The estimated coefficients can be considered to represent the amount of each tissue type (normal, low or high) found within a voxel.

By taking the models of the various tissue types from the PMM, it is straightforward to see how by varying the value of the coefficients of the models it is possible to create data that holds to the original domain. There is a limit to the amount of possibly created data (\( c^3 \) where \( c \) represents the coefficients) but it is still enough to train a classifier model with a deep learning architecture, based on the generated data alone.

The testing of the generated data from each network used a set of simple, shallow Random Forest classifiers which were constructed and trained on the generated data from the GAN, DCGAN and the PMM generation method. A Random Forest was also trained on the training dataset alone as a control set. The Random Forest classifiers were then tested on the MRS image test set with the classification accuracy results recorded and examined. Furthermore the generated MRS images were compared to the mean signal from the training dataset for comparison to determine the adherence to the domain and possibility of expressiveness.

3 Results

Each model, the GAN, DCGAN and PMM generator, was trained on the MRS single-voxel training dataset for each class (normal, low and high). The GAN and DCGAN each had the architecture detailed in Sect. 2.2.

Table 1. Table showing the resultant classification accuracy from the set of Random Forests trained on the generated data from the GAN, PMM and the DCGAN compared to that of a Random Forest trained on only the real, labelled training dataset (GT).

From the results shown in Table 1 the GAN produced higher accuracy in the Random Forest classifier trained on its data than with the DCGAN generated method for low grade tumor patients and for normal (healthy) tissue. The classifier trained on PMM data produced higher accuracy for low grade tumor patients over that of the ground truth. The DCGAN produced the worst results over all tissue types.

Table 2. Table showing the mean squared error of the linear differences between the generated signals and the mean signal of the ground truth data for each class
Fig. 4.
figure 4

Artificially generated MRS signals of healthy (green), low grade (blue) and high grade (red) tumor tissue produced from the PMM generation method (g, h, i), the GAN (a, b, c) and the DCGAN (d, e, f) compared with samples from the ground truth dataset (j, k, l). (Color figure online)

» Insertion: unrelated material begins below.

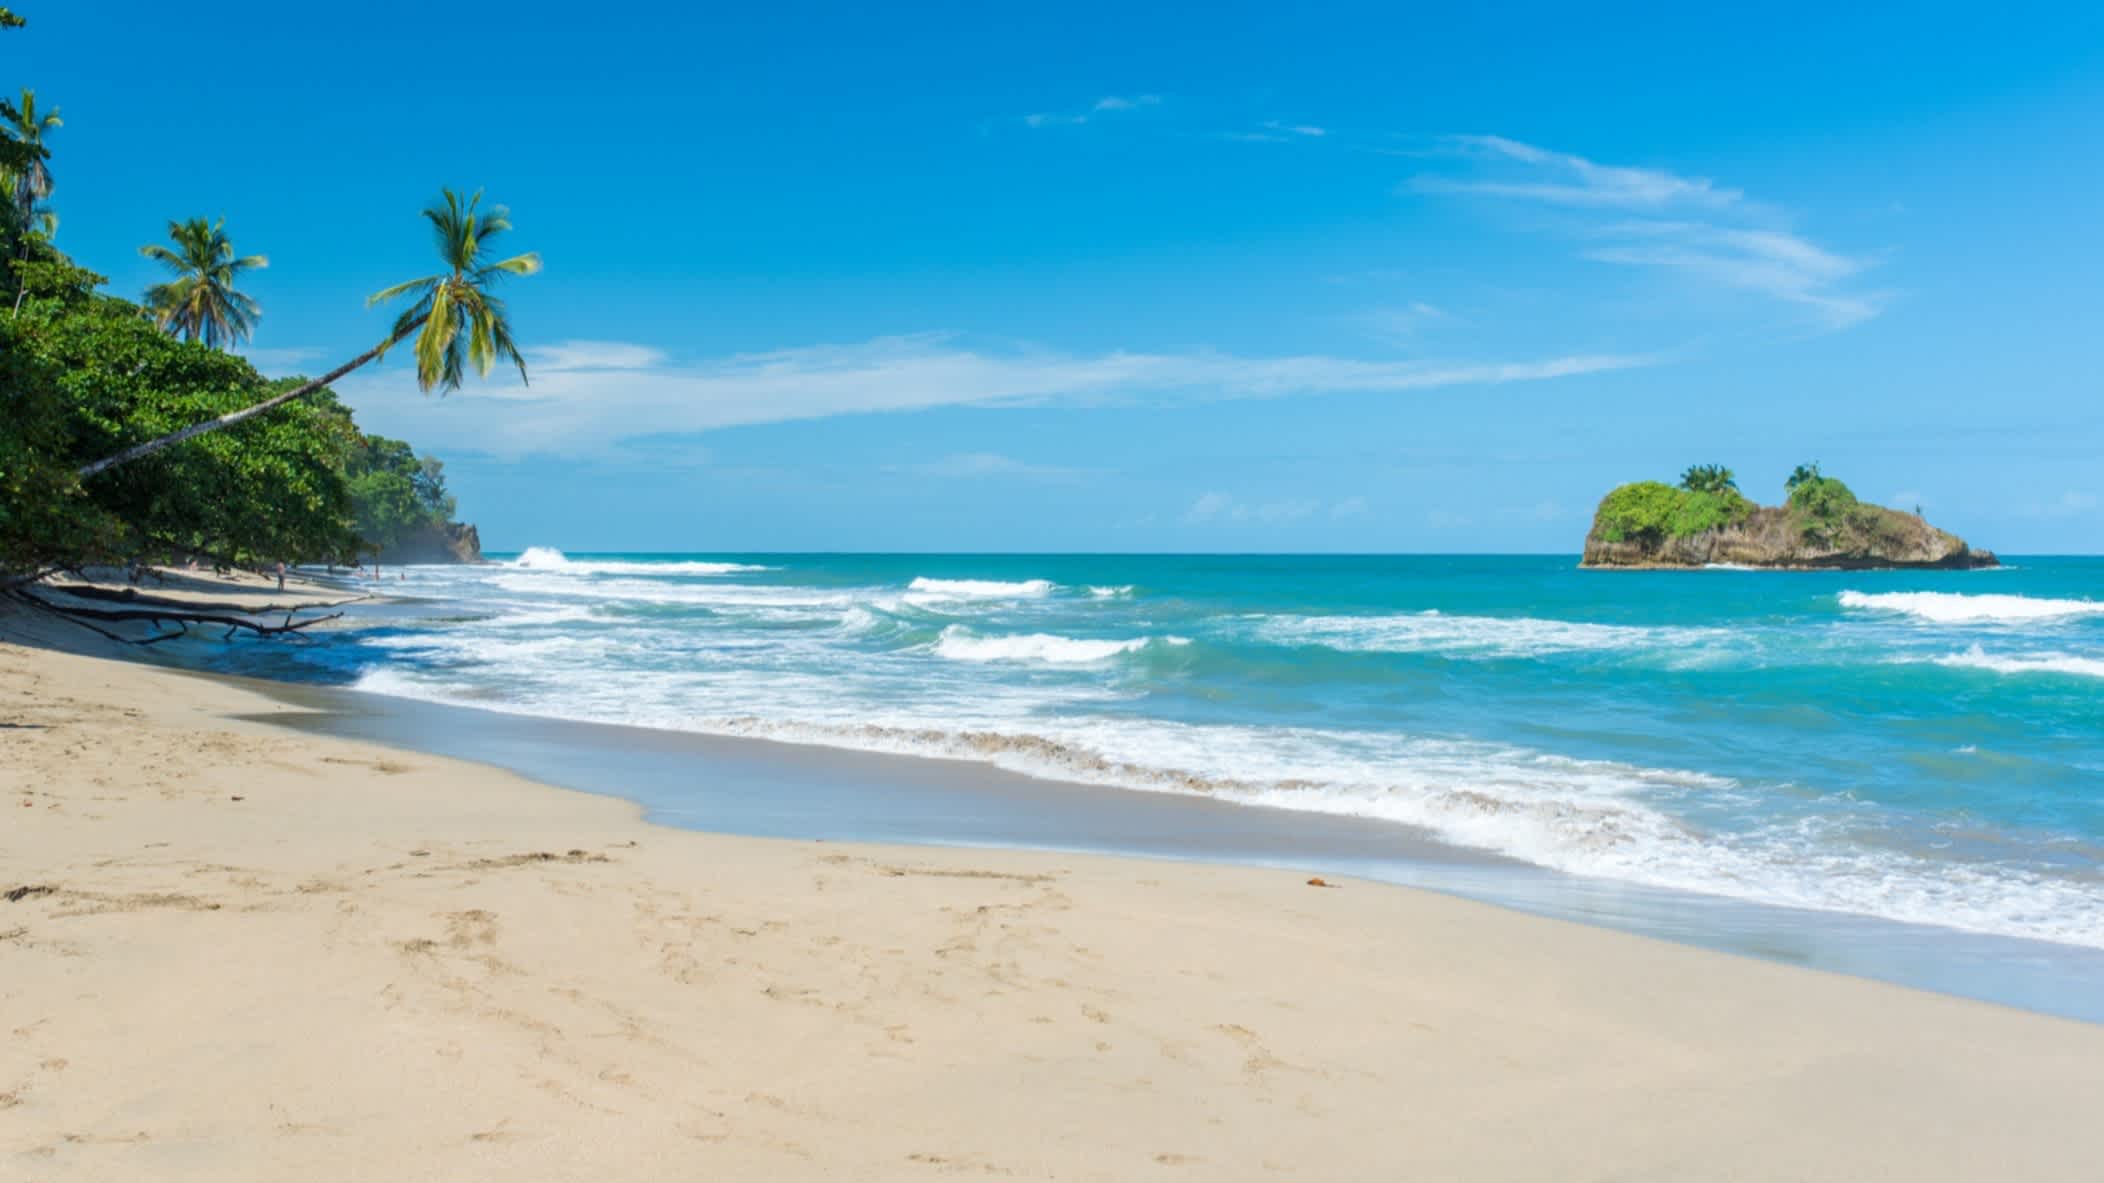 Tropischer Strand Playa Cocles in der Nähe von Puerto Viejo in Costa Rica mit seinem weißen Sand, einigen Palmen im Bild sowie dem schönen Meer und einer kleinen unbewohnten vorgelagerten Insel.

The most variation within the resultant signals can be seen from both GAN methods, however, the GAN appears to cohere closer to the shape of the real MRS signals as shown in Fig. 4, this can be shown through the deltas between signals shown in Table 2.

4 Conclusions

This paper examines the possibility of generating MRS brain tumor images from limited and uneven data through one state-of-the-art generation technique, a deeper version of the same model and a modified MRS brain tumor model (GAN, DCGAN and PMM respectively). The results showed that the generated data could train a shallow Random Forest classifier to accurately determine the grades of brain tissue to the same level of one trained on real MRS data. The GAN trained model produced higher accuracy in testing and shows the expressiveness and capability in adversarial networks whereas the DCGAN model produced the lowest accuracy in classification as well as in similarity to the training data, highlighting the need for larger amounts of data when working with deep learning models. The linear model was able to produce spectra that were closer in appearance to the mean signal of the training dataset. The next stage is to examine the generated voxels by a domain expert to acknowledge their potential accuracy and expressiveness, the analysis drawn can then be used to determine what needs to be done in order to have the generated data successfully train a deep learning model for the classification of MRS images.